**WHAT YOU NEED TO DO:**
When you reach the line containing "My Office Has", begin reproducing the material exactly, stop after the line containing "N-Tron 604MFXE-ST-40, 608MFX-ST", and leave out any pictures along the way.

**DATA:**
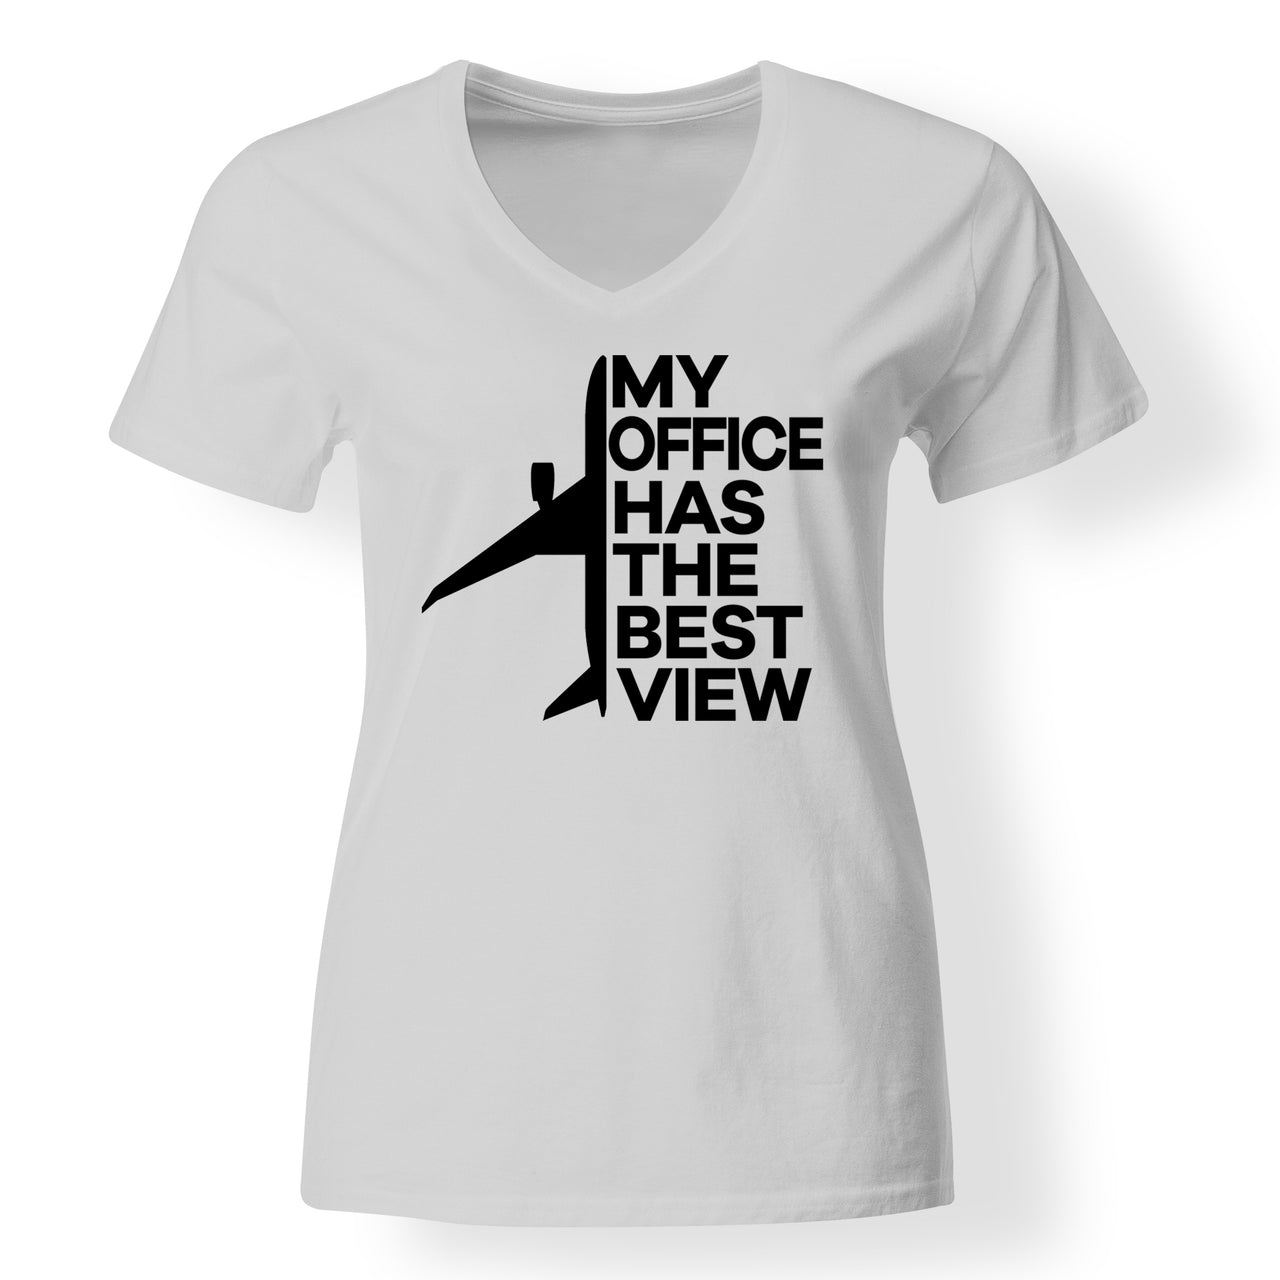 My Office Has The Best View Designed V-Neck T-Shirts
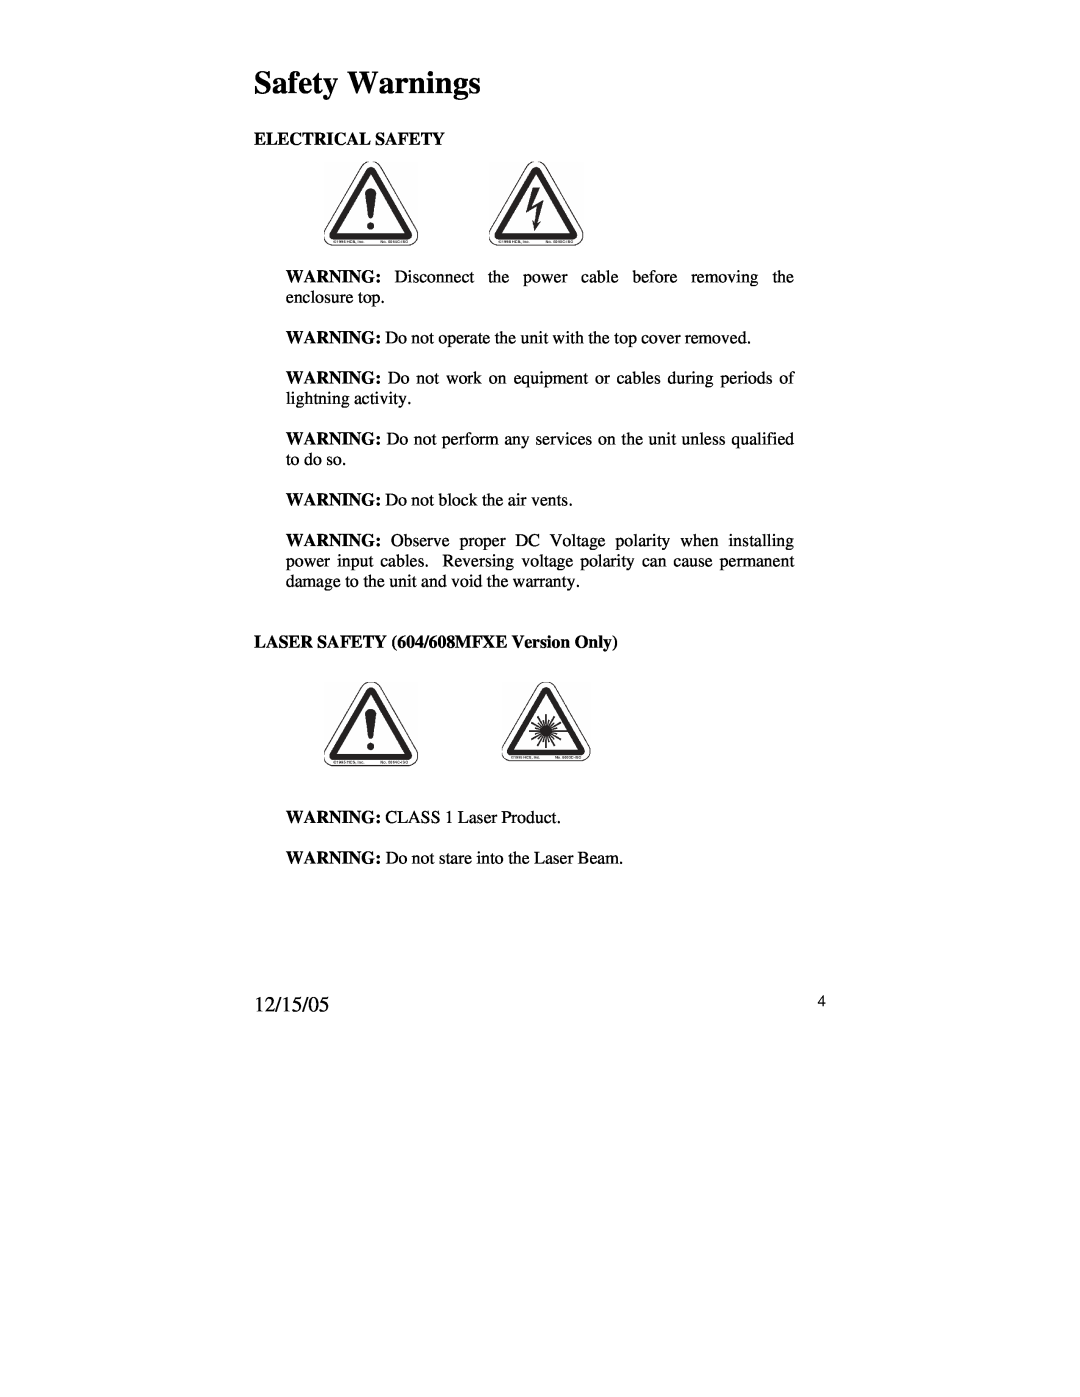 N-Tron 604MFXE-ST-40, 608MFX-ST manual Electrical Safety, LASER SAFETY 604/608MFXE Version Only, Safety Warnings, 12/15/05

--

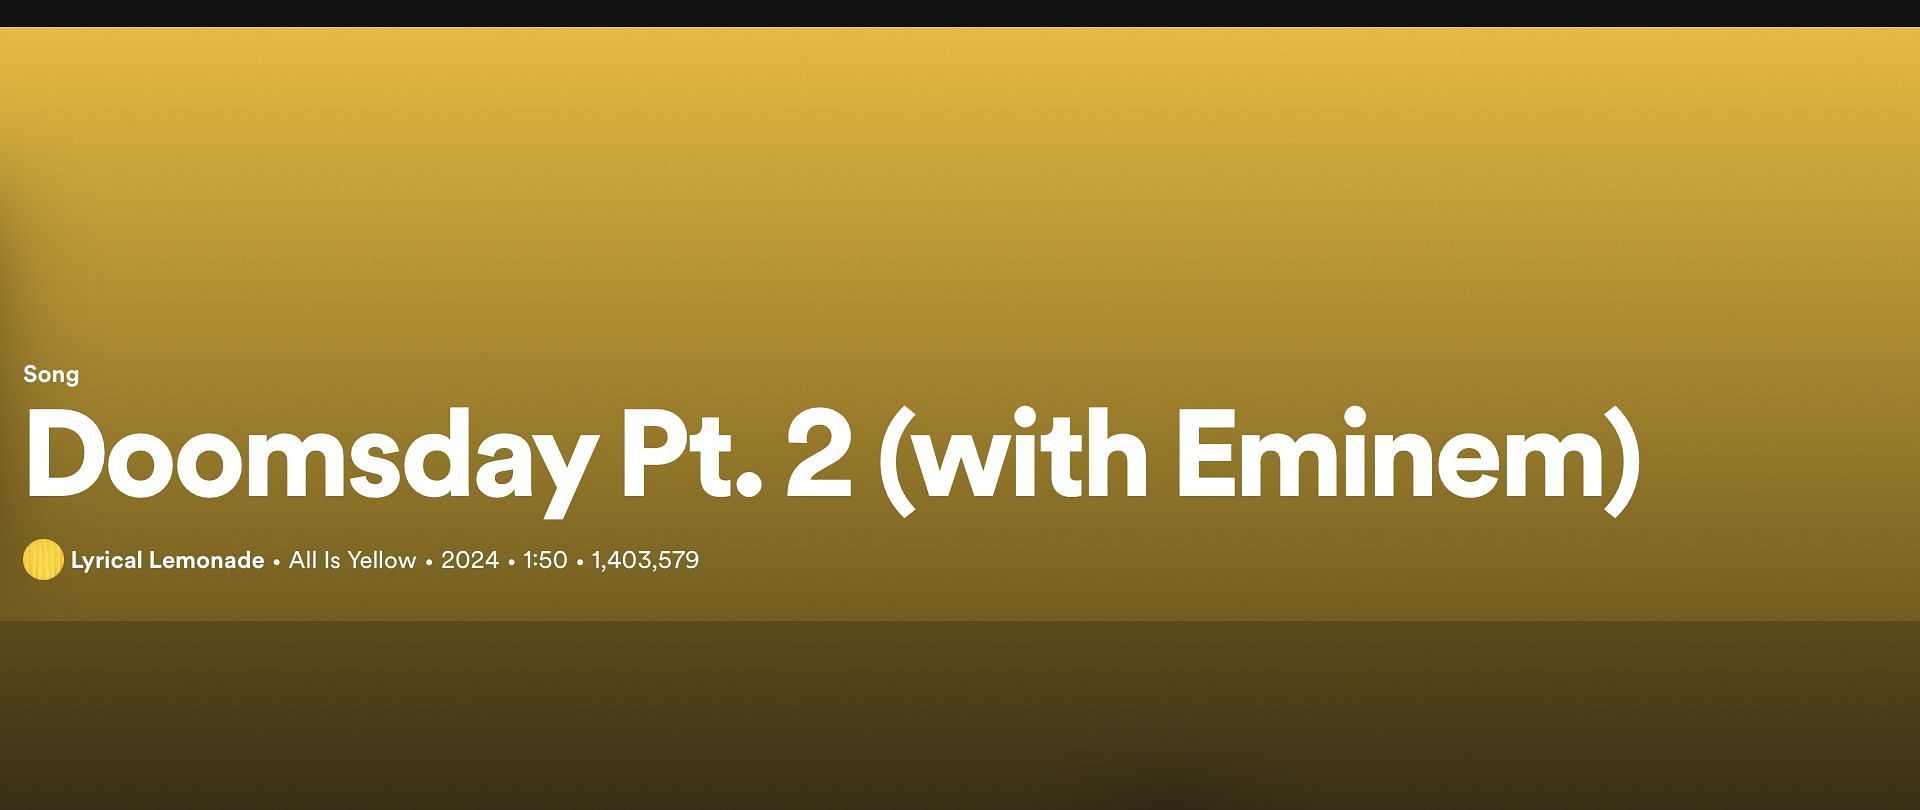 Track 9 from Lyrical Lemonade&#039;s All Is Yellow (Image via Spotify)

**ANSWER:**
 My Office Has The Best View Designed V-Neck T-Shirts
 N-Tron 604MFXE-ST-40, 608MFX-ST manual Electrical Safety, LASER SAFETY 604/608MFXE Version Only, Safety Warnings, 12/15/05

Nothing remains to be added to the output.